At the end of this step, we have our Bert model trained on our corpus from scratch that we can use for word embedding’s generation.
Features extraction
There’s a suite of available options to run BERT model with Pytorch and Tensorflow. But to make it easy to get our hands on our model, we went with Bert-as-a-service : a Python library that enables us to deploy pre-trained BERT models in our local machine and run inference.
We run a Python script from which we use the BERT service to encode our words into word embedding. Given that, we just have to import the BERT-client library and create an instance of the client class. Once we do that, we can feed the list of words or sentences that we want to encode.
Now that we have the vectors of every word of our text file, we will use scikit-learn implementation of cosine similarity between word embedding to help determine how close they are related.

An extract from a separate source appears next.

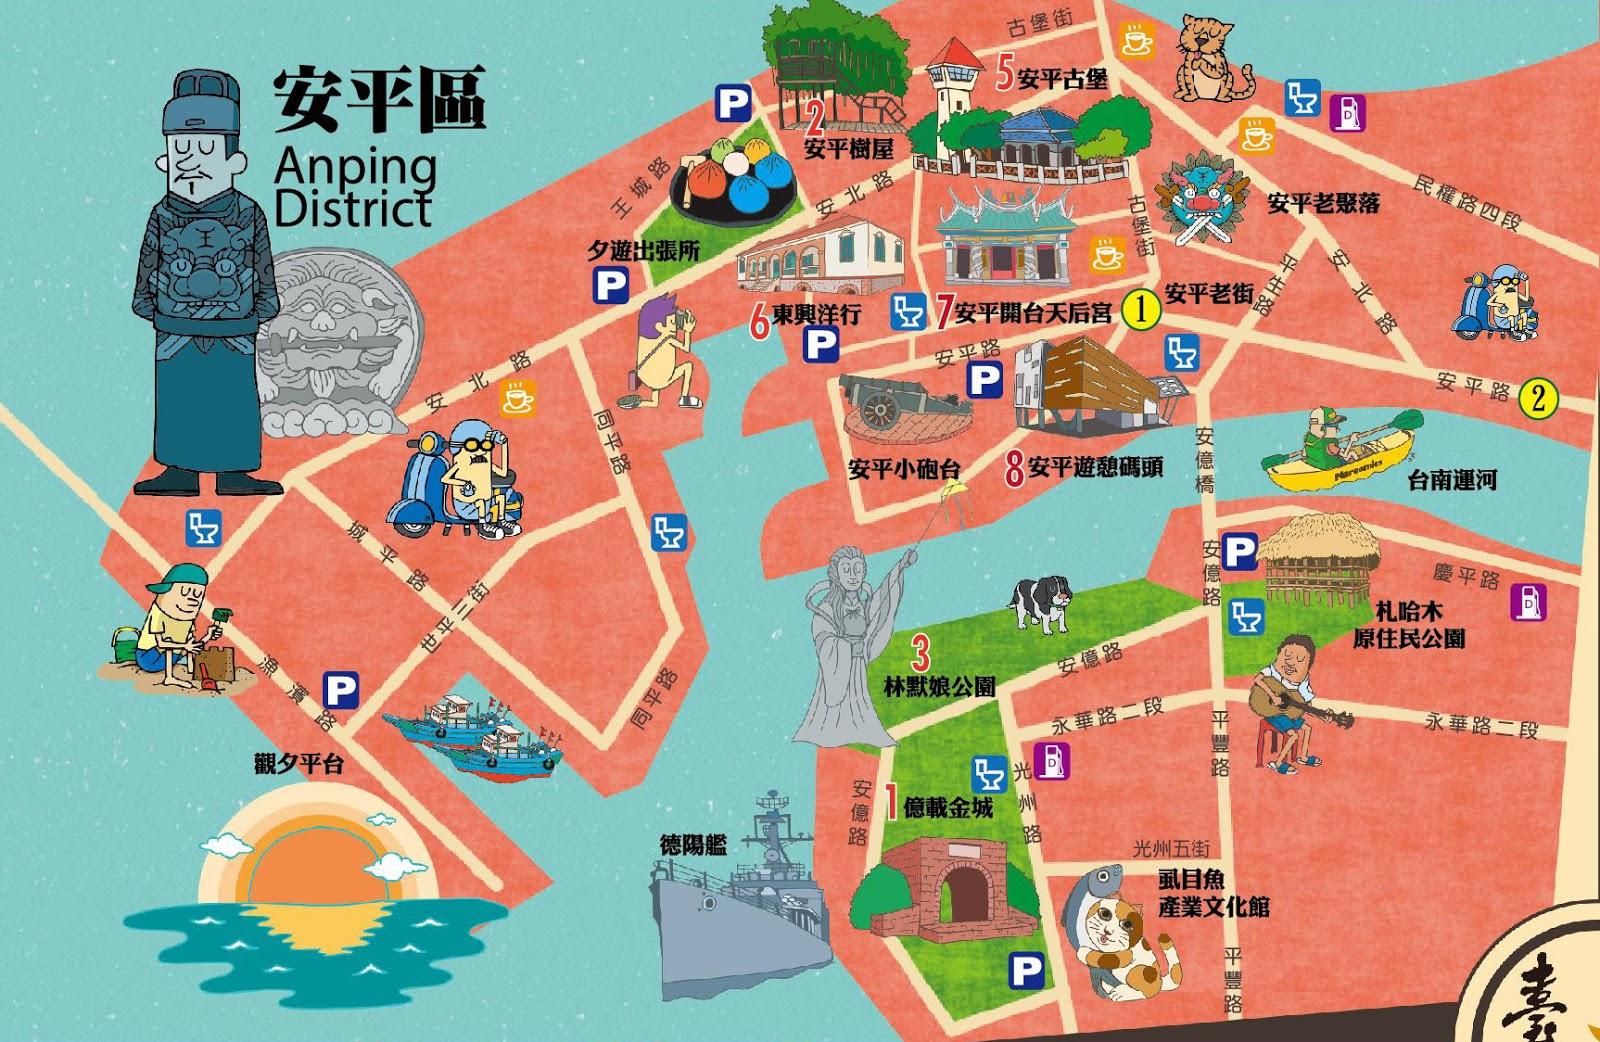 Averycase 非常窩 (包棟民宿): 臺南超好玩 地圖簡介

Here is an overview of the frequency distribution for some terms present in our editorial base:
After obtaining Cosine similarity scores between two given terms, we build a CSV file that contains the top 100 frequent key terms in our editorial base, their 50 closest words, as well as their similarity scores. The figure below shows the 100 most frequent terms:
The file is then presented as an input to create the following labeled graph representing the semantic dependencies obtained from the previous steps:
Below the most important characteristics of the graph:
Nombre total des termes clés | 130269 |
---|---|
Nombre de termes les plus pertinents | 100 |
Le score le plus élevé | 0.9528004 |
Le score le moins élevé | 0.4424540 |
Nombre des termes singuliers | 60 |
Nombre des termes composés | 40 |
Key figures in the graph
PERSPECTIVE
We remind that we present here the first work that we carried out for the study of the corpus of the editorial base and that the continuation of this work will lead us to apply techniques of extraction of concepts and relations using different levels of analysis, namely: linguistic, statistical and semantic level, and the training of a classifier as a concept prediction tool.